*Given records*:

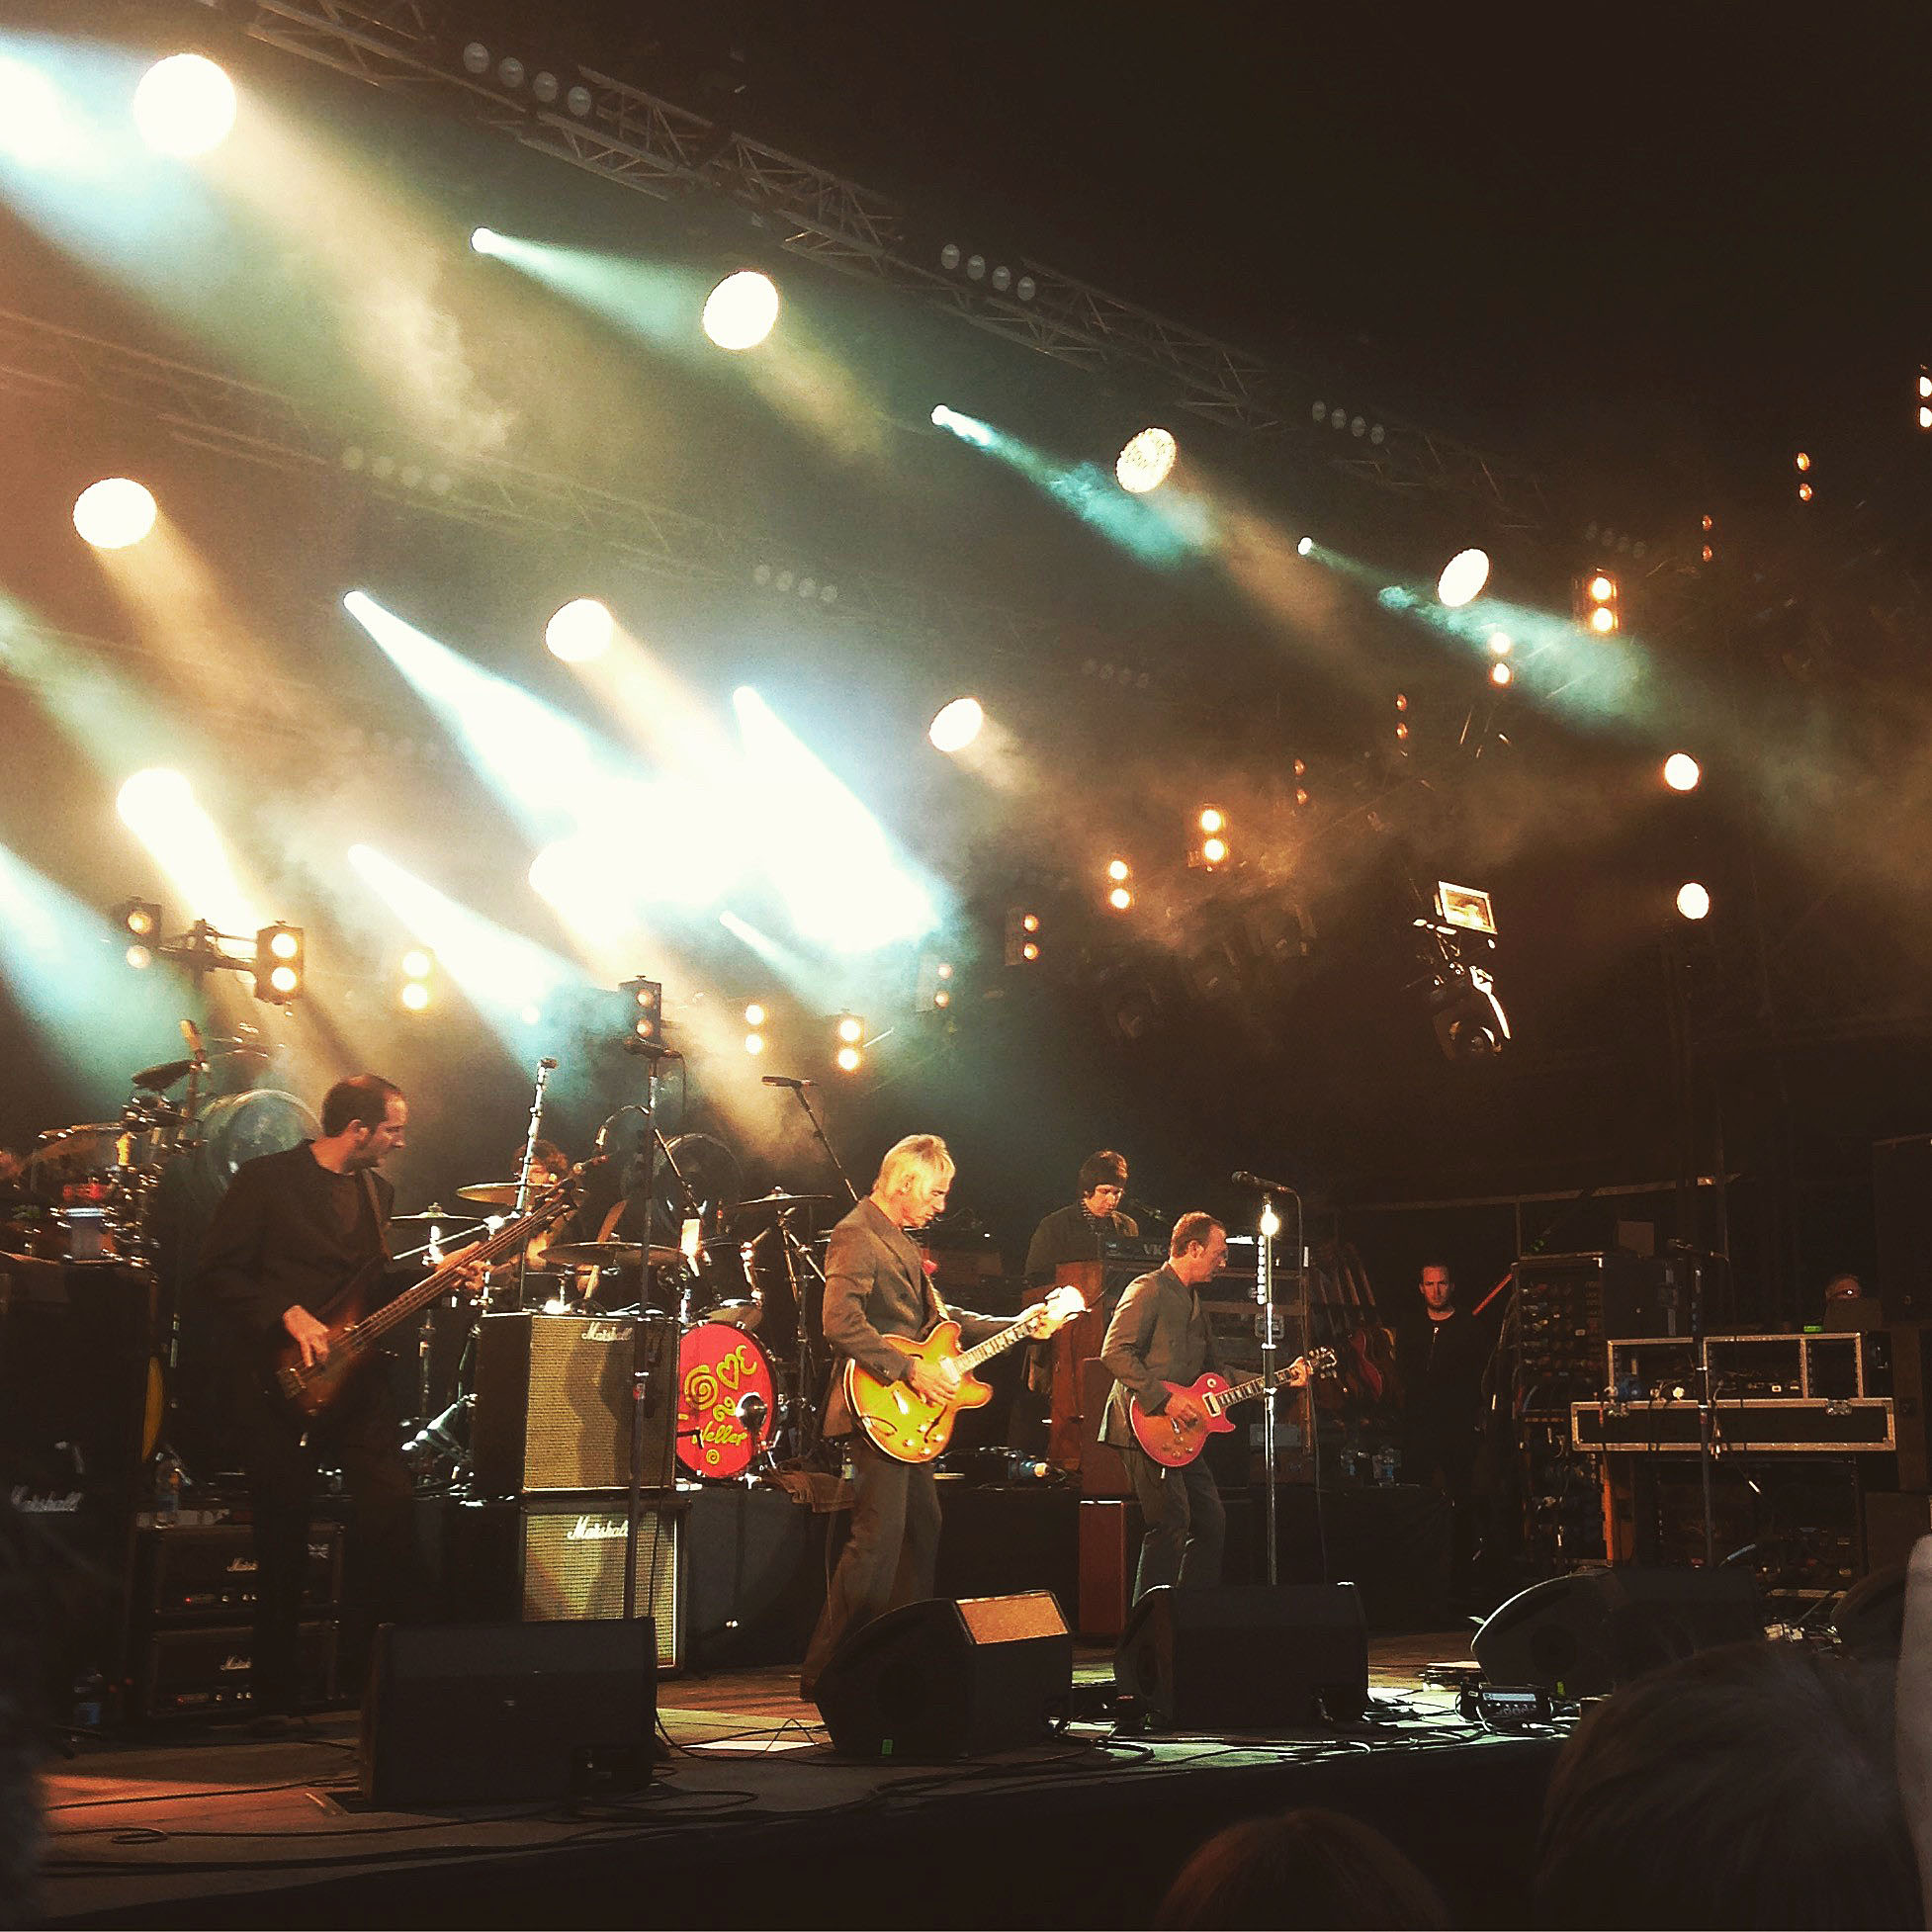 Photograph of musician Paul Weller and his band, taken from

==

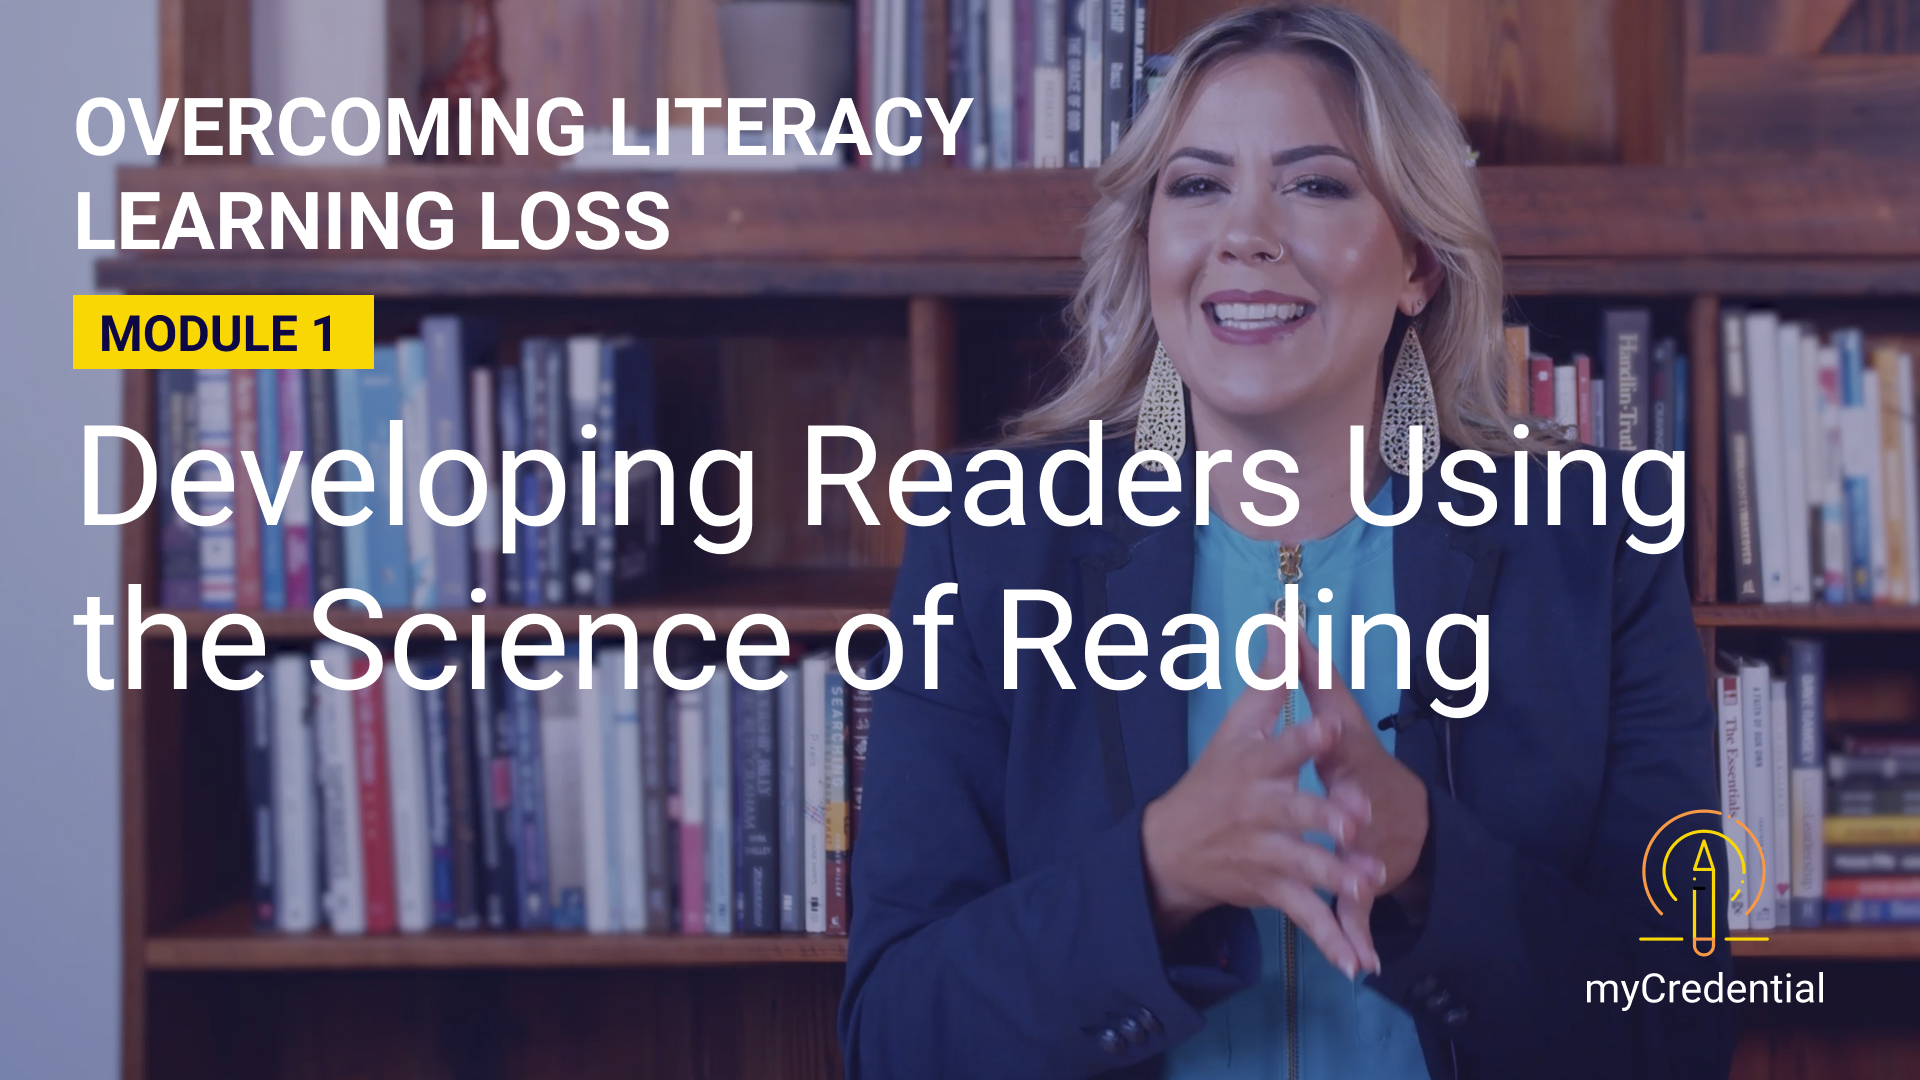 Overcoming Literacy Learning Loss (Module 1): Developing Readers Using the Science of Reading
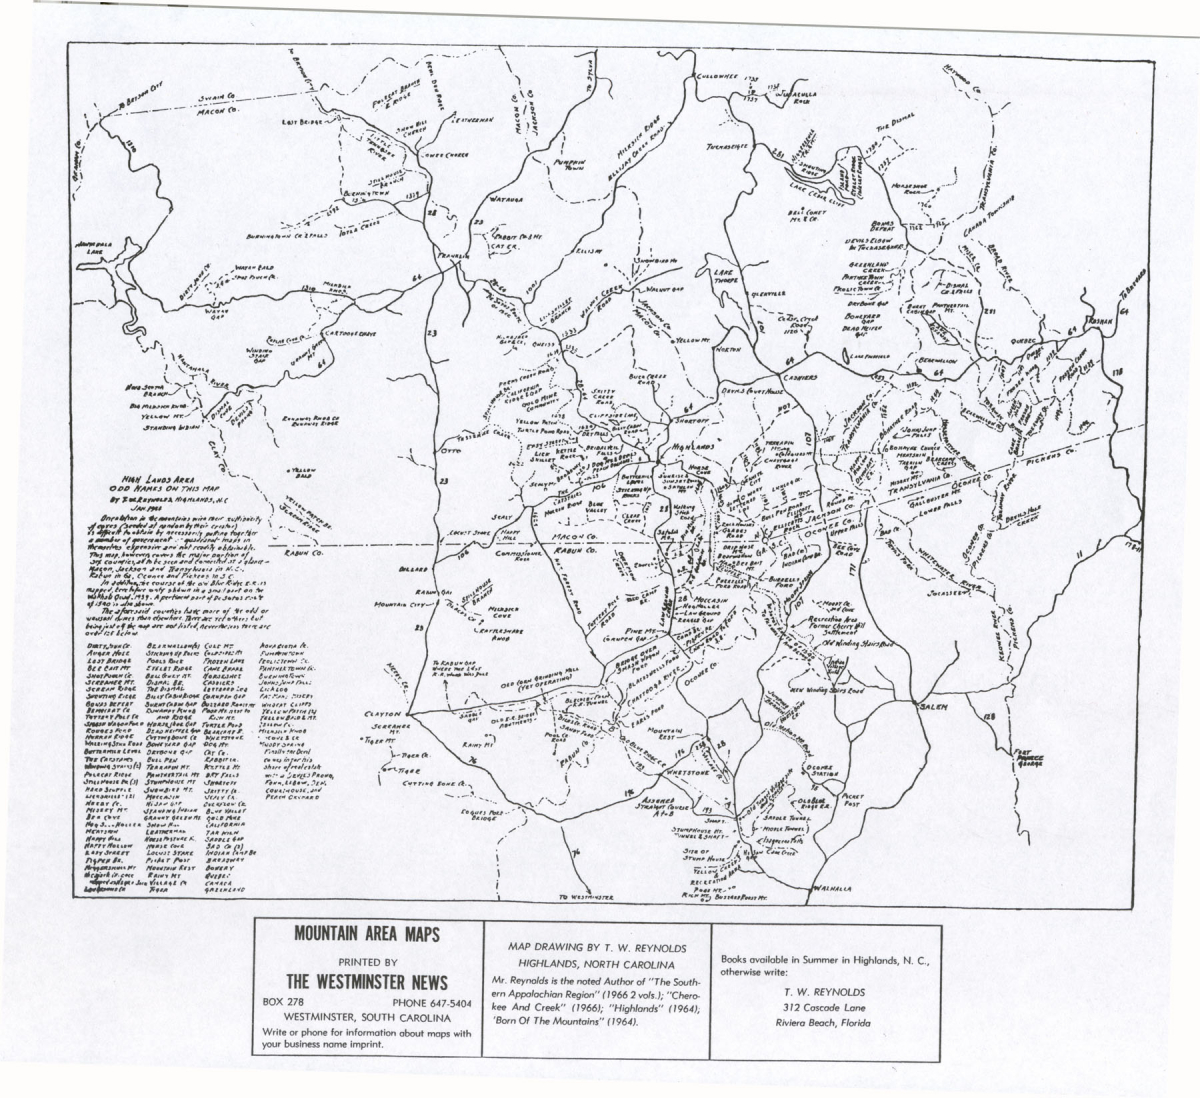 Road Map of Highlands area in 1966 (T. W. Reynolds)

*Requirement*: Copy the lines above exactly, starting with the line that contains "Overcoming Literacy Learning" and ending with the line that contains "Road Map of", and leave out any pictures.

*Answer area*:
 Overcoming Literacy Learning Loss (Module 1): Developing Readers Using the Science of Reading
 Road Map of Highlands area in 1966 (T. W. Reynolds)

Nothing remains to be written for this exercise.